Kayla bridled. "You thought it was a joke?"
She moved toward the girl again. The kid got between them, and Kayla scooped up the glass from where she had dropped it. Slashed it toward his throat –
And Aaron grabbed her arm, stopping the edge only a few inches from the young man's throat.
"Not now," he said. He looked at Susan. "Did your parents say what the point was? What the traps are?"
"Just that the front door was the only way out."
The toilet burbled. Water came out of it faster.

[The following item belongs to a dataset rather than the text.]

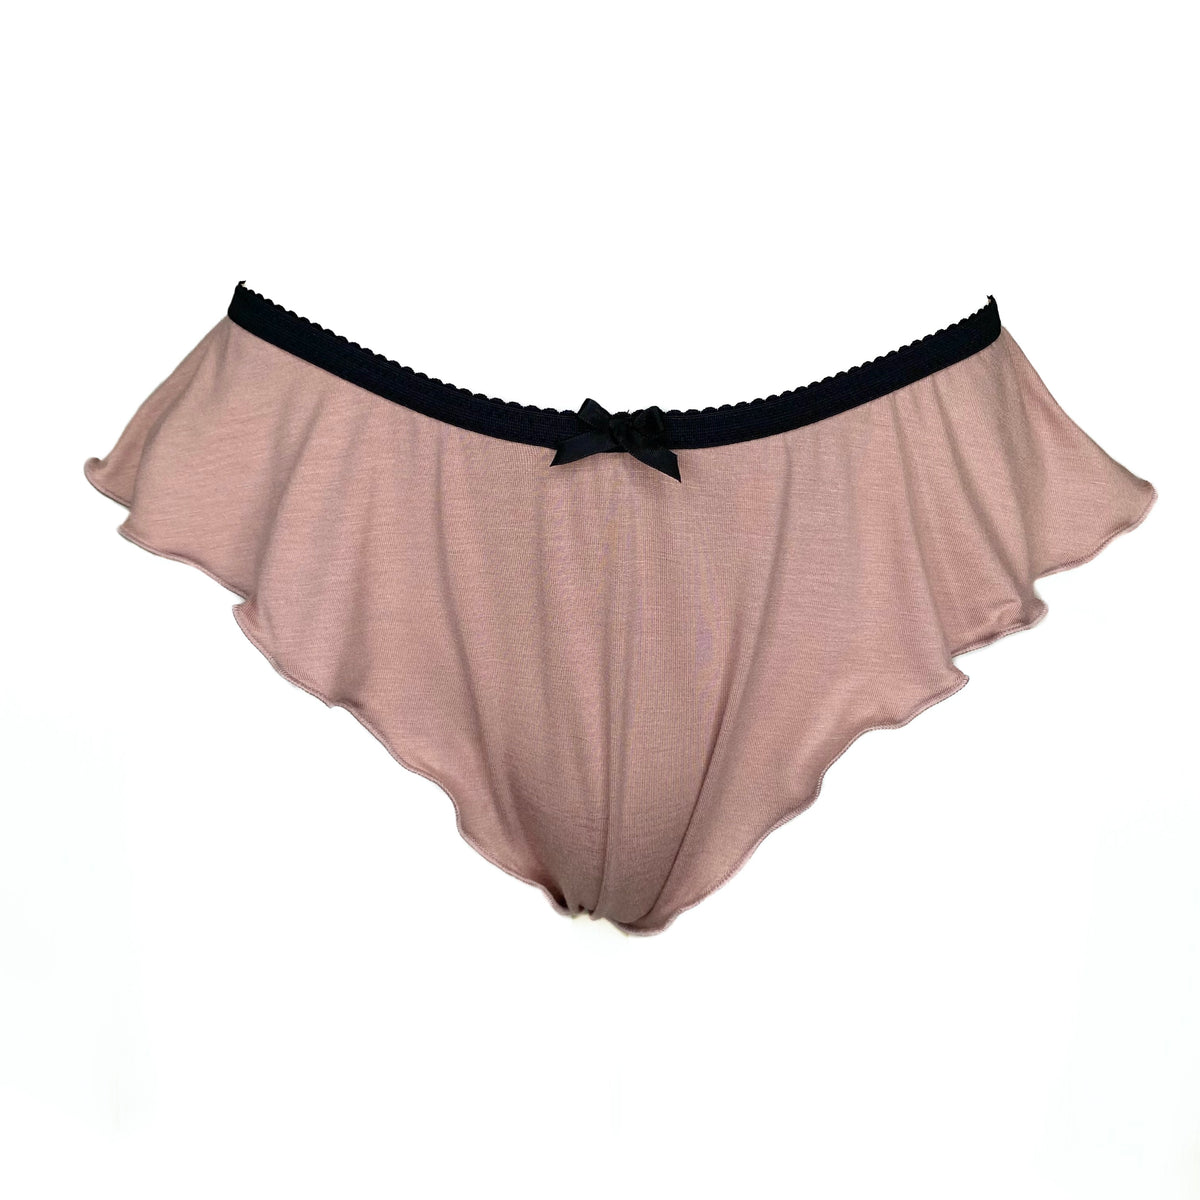 Mini French Knicker - Rose Gold Bamboo

Aaron tried to ignore it as he thought. Trying to figure out what was going on, how to get through all this, why they were here, and how to beat the maze they had found themselves trapped within.
The water bubbled up from the toilet faster. Faster. The seat was dancing a mad tattoo off the rim below.
A moment later, the sinks and tub faucet all turned on. The shower turned on as well, all of them splashing water into sinks, into tubs. It was coming faster than it should have, the water spewing out in torrents. In only a few seconds water was spilling over the edges of the twin basins in the sink. The tub was over half full. Water was also spilling out from the bottom edges of the sink cabinets.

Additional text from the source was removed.